Третье марта | страница 5
«За этих людей,—пишет г. Шульгин,—взялся Милюков. С упорством, ему одному свойственным, он требовал от них: написать воззвание, чтобы не делали насилий над офицерами... Милюков убеждал, умолял, заклинал... Это продолжалось долго, бесконечно... Это не было уже заседание. Было так... Милюков доказывал, что выборное офицерство невозможно, что его нет нигде в мире и что армия развалится»... — «Он вцепился в них мертвой хваткой, — говорит не то с восхищением, не то с каким-то ужасом г. Шульгин, возвращаясь, точно в бреду, к разным часам и дням этой борьбы с неизвестными людьми. — Очевидно, он надеялся на свое, всем известное упрямство, перед которым ни один кадет еще не устоял... Чхеидзе лежал... Керенский иногда вскакивал и убегал куда-то, потом опять появлялся... Я не помню, сколько часов все это продолжалось.
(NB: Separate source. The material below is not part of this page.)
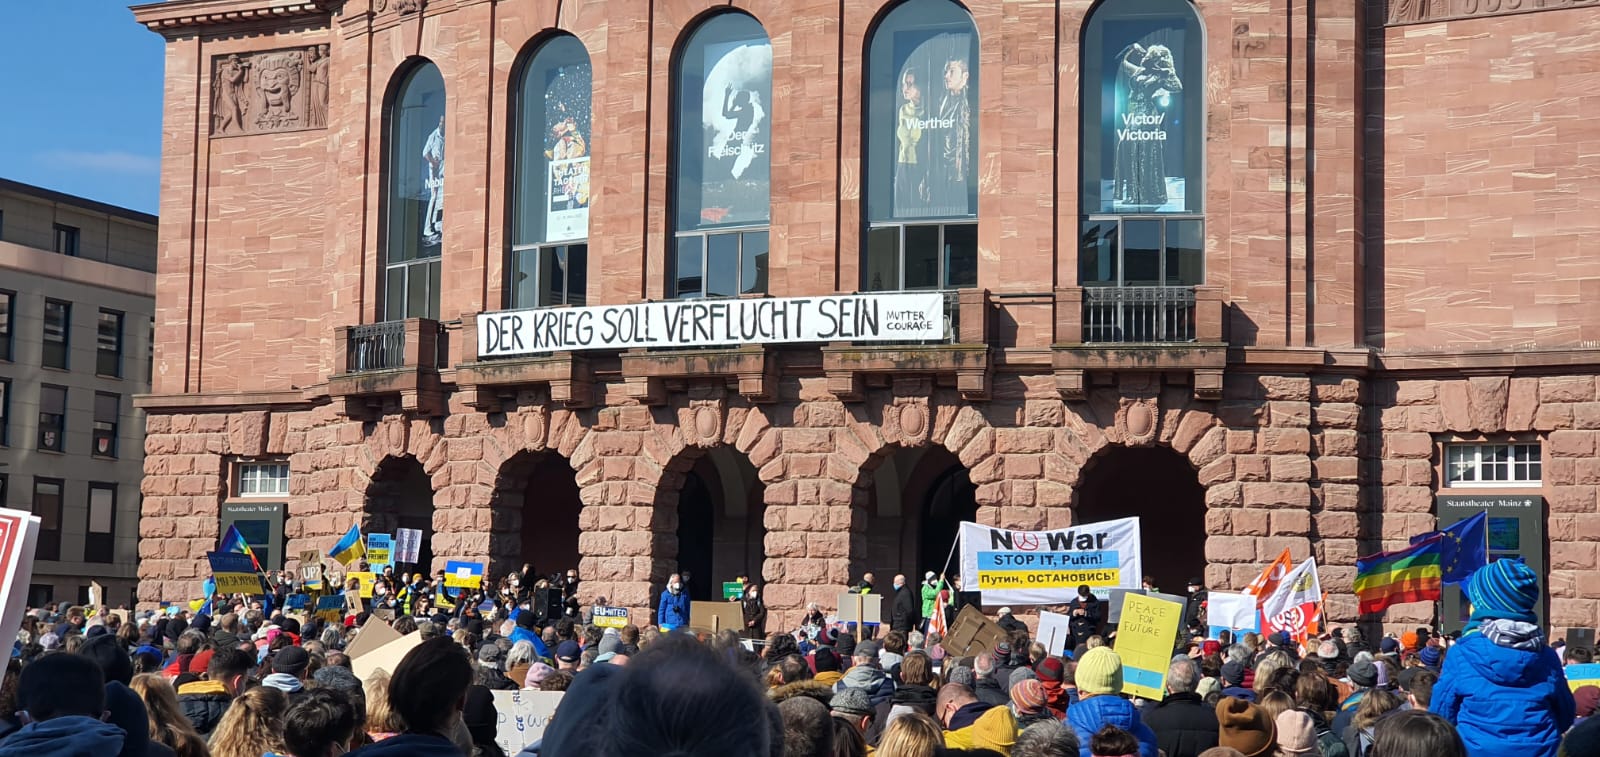 Das Bild ist auf einer Demo gegen den Ukrainekrieg am 06.03.22 in Mainz entstanden. Zu sehen ist eine große Menschengruppe, vorne Banner mit der Aufscrhift "Der Krieg soll verflucht sein" und "no war! Stop it Putin!".

Я совершенно извелся и перестал помогать Милюкову, что сначала пытался делать... Направо от меня лежал Керенский, прибежавший откуда-то, по-видимому, в состоянии полного изнеможения. Остальные тоже уже совершенно выдохлись. Один Милюков сидел упрямый и свежий» (В. В. Шульгин, стр. 230-234).
«Болтовня! — скажет презрительно иной читатель. — Тут нужны были не убеждения, а пулеметы!»... Допустим. Но пулеметов не было. В Петербурге пулеметы в те дни были в распоряжении Совета. Сколько солдат и матросов приходилось на одного офицера? — Мы были бессильны,—говорит прямо г. Шульгин. — «Кто это мы? Сам Милюков, прославленный российской общественности вождь, сверхчеловек народного доверия! И мы — вся остальная дружина, — которые как-никак могли себя считать “всероссийскими именами”. И вот со всем нашим всероссийством мы были бессильны» (стр. 230).
К этой внешней картине тех памятных дней я — не без колебания — хотел бы добавить следующее. Настоящий очерк выходит на страницах газеты, не проредактированных П. Н. Милюковым. Я не знаю, все ли в этой заметке для него приемлемо и соответствует ли мое толкование его настроений и поступков собственным мыслям Павла Николаевича. В предисловии к своей «Истории второй русской революции» П. Н. Милюков говорит, что для его воспоминаний время еще не наступило, ибо он не считает возможным касаться «интимной атмосферы событий» и «интимных мотивов» действующих лиц той эпохи. Я поэтому не считал себя вправе его об этом расспрашивать. П. Н. Милюков — чрезвычайно сложный и сдержанный человек, — в определении интимных мотивов его собственных действий легко и ошибиться.